E.ON's Irsching plant in Bavaria to stay open - sources
* To be kept running as a reserve power plant - sources
* E.ON, grid operator, regulator decline to comment
FRANKFURT, April 25 (Reuters) - E.ON's modern but unprofitable Irsching gas-fired power station in Bavaria, southern Germany, looks set to remain open as a reserve power plant under a deal hammered out with regulators and politicians, sources close to the talks said.
E.ON had said it could close the plant because of high gas buying-in prices and low wholesale power prices. But the energy network regulator believes the plant is crucial to the stability of the power grid in the industry-heavy region.

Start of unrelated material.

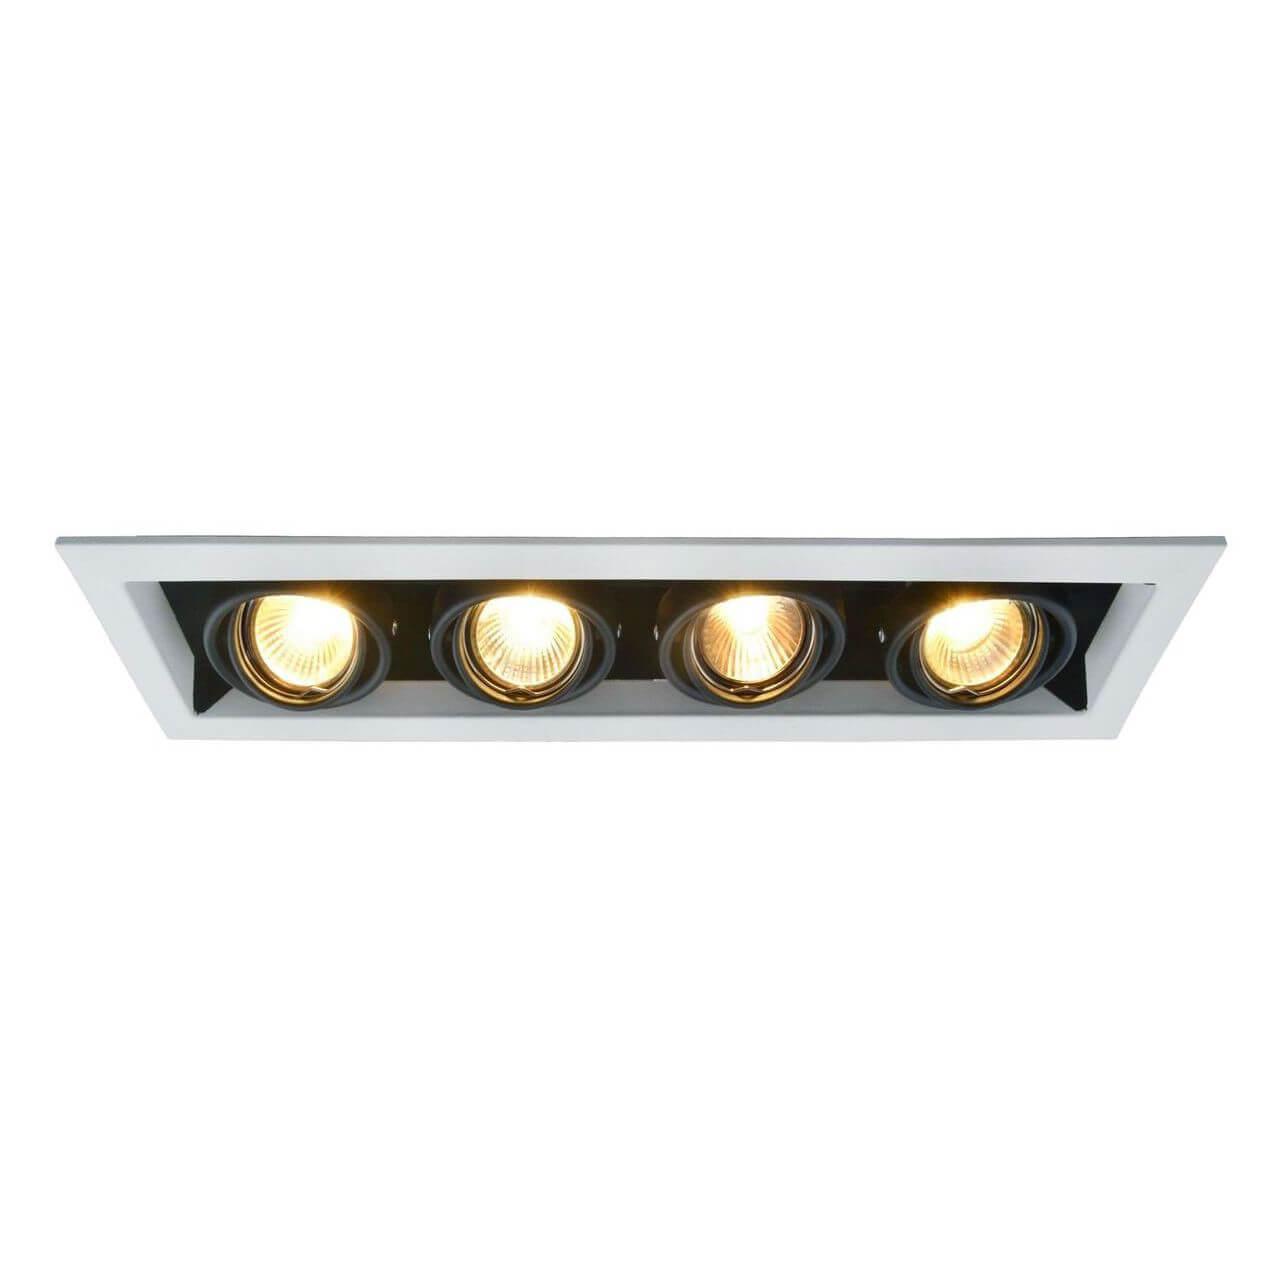 Светильник Arte Lamp A5941PL-4WH Cardani White цена 2017

The deal, which would see the plant guaranteed income as a back-up source of electricity, could be a precedent for how Germany ensures the survival of conventional power, whose profitability has been hit by a boom in subsidised renewable energy as the country phases out nuclear power.
"Ongoing operations (for Irsching) have been secured," one of the sources said on Thursday.
E.ON, power grid firm TenneT and the energy network regulator, the Bundesnetzagentur, declined to comment, as did other shareholders in one of the Irsching blocks.
But E.ON sent around invitations for an event at the plant on Friday, involving Bavarian state premier Horst Seehofer and E.ON Chief Executive Johannes Teyssen, without giving details.
Bavaria state's chancellery did not respond immediately when approached for a comment.
Last week, the Bundesnetzagentur said it aimed to help keep Irsching's units open.
E.ON has put the cost of operating the three year-old Irsching 5, which has 846 MW of capacity, at 100 million euros ($130 million) a year. Under energy laws, it is not allowed to unilaterally shut the plant.
Block 4, with 550 megawatts (MW) capacity in 2011, has also seen its profitability wobble.
A huge E.ON nuclear reactor nearby at Grafenrheinfeld is slated to shut in 2015 under the nuclear exit law.
The talks to keep Irsching open are focused on the methods of funding it as a reserve plant, which will determine how much will have to be paid out by TenneT and how much will be recovered by a charge borne by consumers.